The findings of fact by the Secretary of Labor, if supported by substantial evidence, shall be conclusive; but the court, for good cause shown, may remand the case to the Secretary of Labor to take further evidence, and the Secretary of Labor may thereupon make new or modified findings of fact and may modify his previous action, and shall certify to the court the record of the further proceedings. Such new or modified findings of fact shall likewise be conclusive if supported by substantial evidence.

(c) Jurisdiction of court; review

The court shall have jurisdiction to affirm the action of the Secretary of Labor or to set it aside, in whole or in part. The judgment of the court shall be subject to review by the Supreme Court of the United States upon certiorari or certification as provided in section 1254 of title 28 of the United States Code.
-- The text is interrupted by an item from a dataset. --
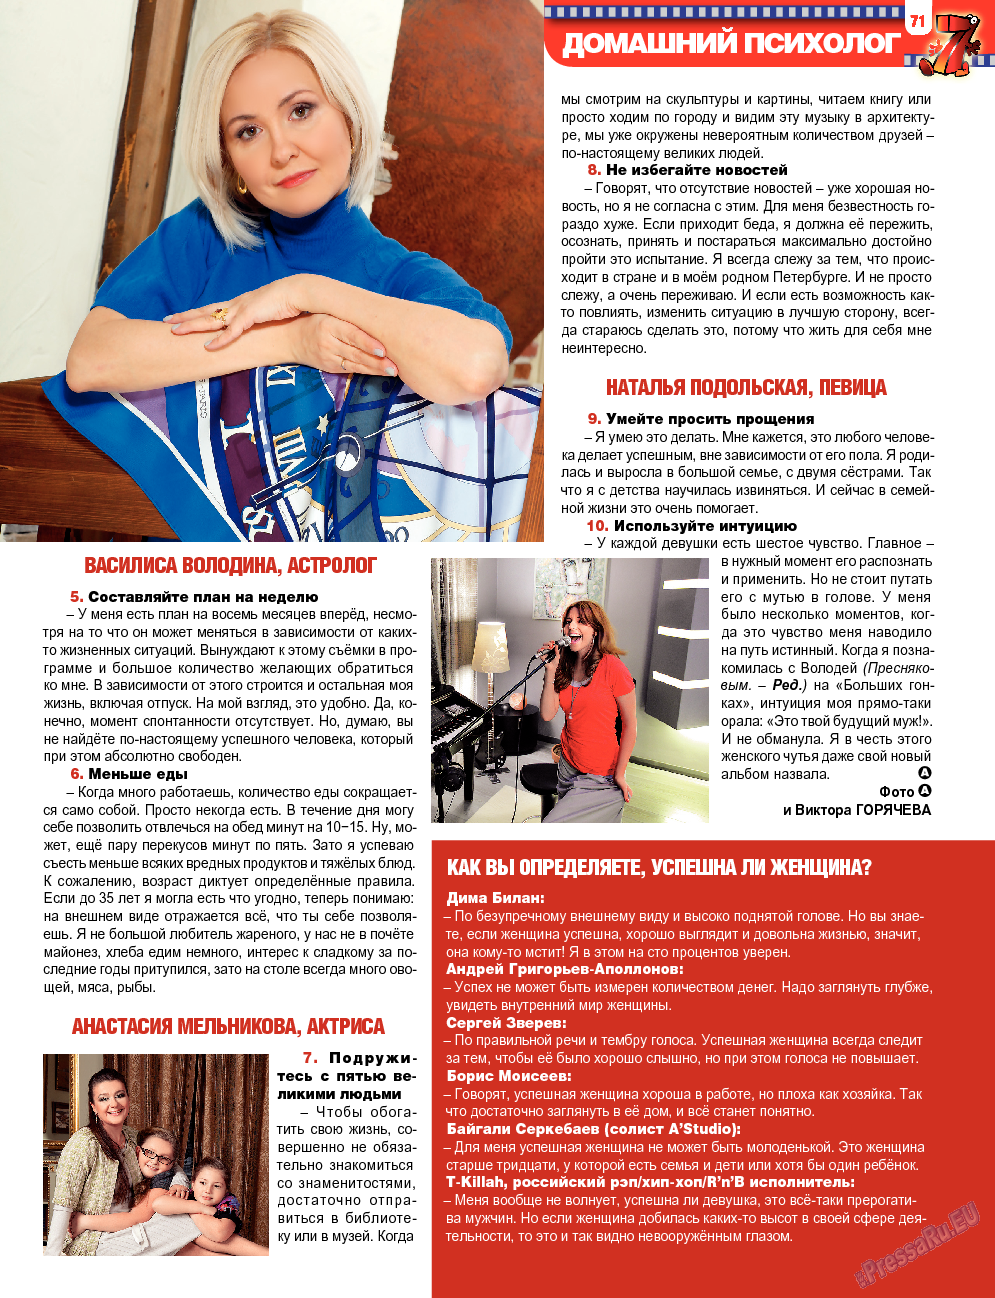 7плюс7я (журнал). 2013 год, номер 47, стр. 71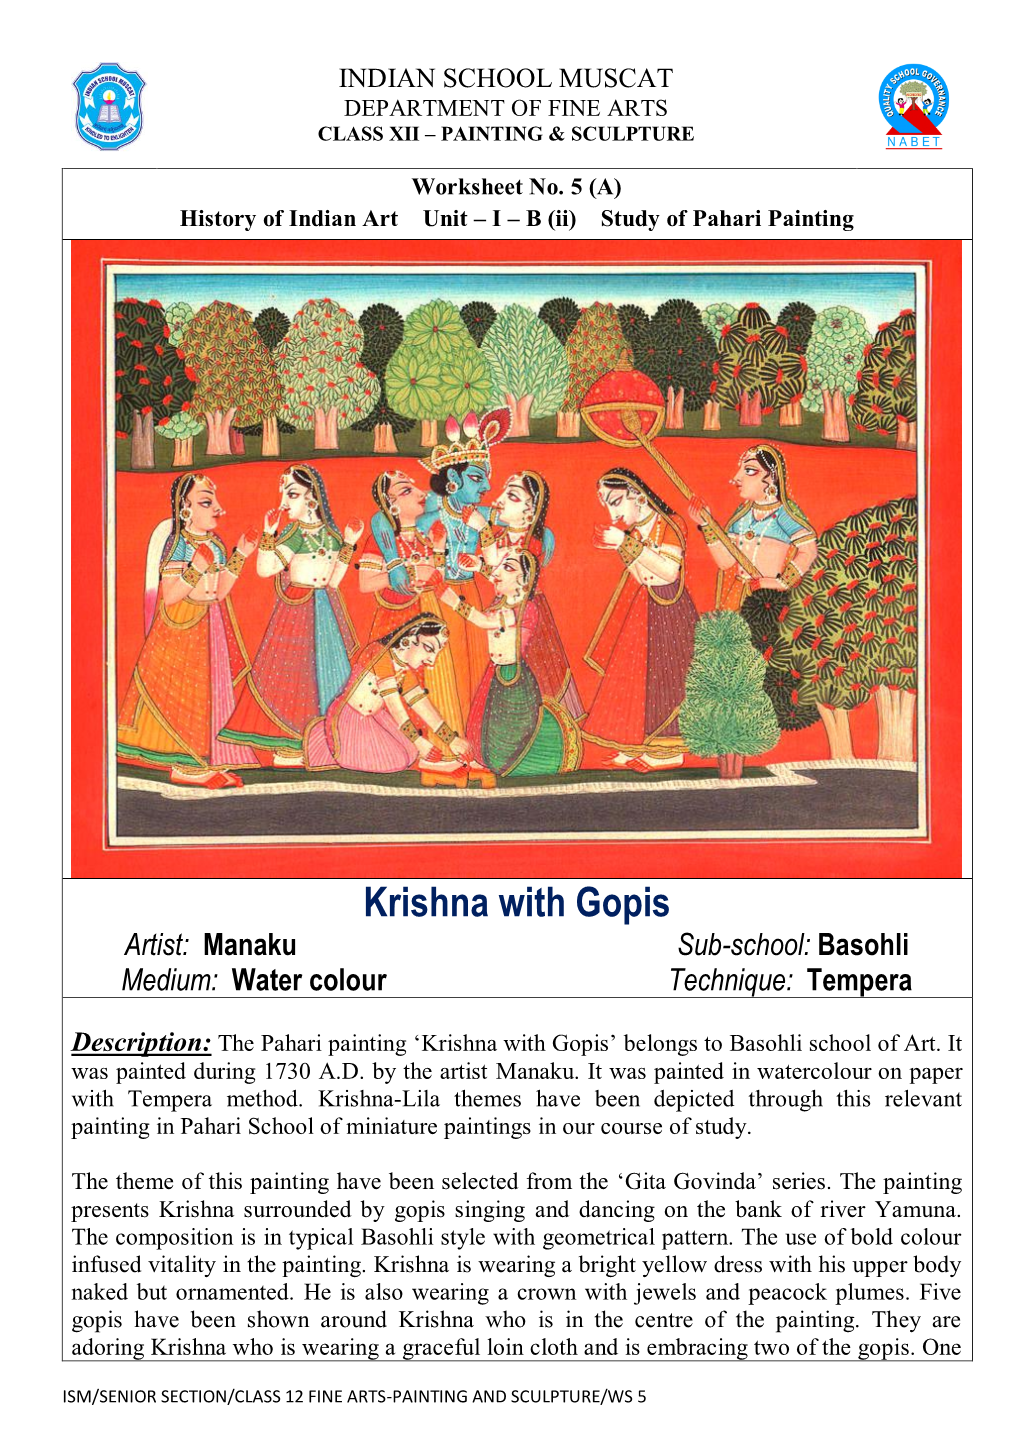 Krishna with Gopis Artist: Manaku Sub-School: Basohli Medium: Water Colour Technique: Tempera

(d) Stay of Secretary of Labor’s action
(1) The Secretary of Labor shall not withhold any certification under section 3303(b) or section 3304(c) until the expiration of 60 days after the Governor of the State has been notified of the action referred to in subsection (a) or until the State has filed a petition for review of such action, whichever is earlier.
(2) The commencement of judicial proceedings under this section shall stay the Secretary of Labor’s action for a period of 30 days, and the court may thereafter grant interim relief if warranted, including a further stay of the Secretary of Labor’s action and including such other relief as may be necessary to preserve status or rights.
(Added Pub. L. 91–373, title I, § 131(b)(1), Aug. 10, 1970, 84 Stat. 703
§ 3311. Short title

This chapter may be cited as the “Federal Unemployment Tax Act.”

(Aug. 16, 1954, ch. 736, 68A Stat. 454, § 3308; renumbered § 3309, Pub. L. 86–778, title V, § 531(d)(1), Sept. 13, 1960, 74 Stat. 983; renumbered § 3311, Pub. L. 91–373, title I, § 104(b)(1), Aug. 10, 1970, 84 Stat. 697.)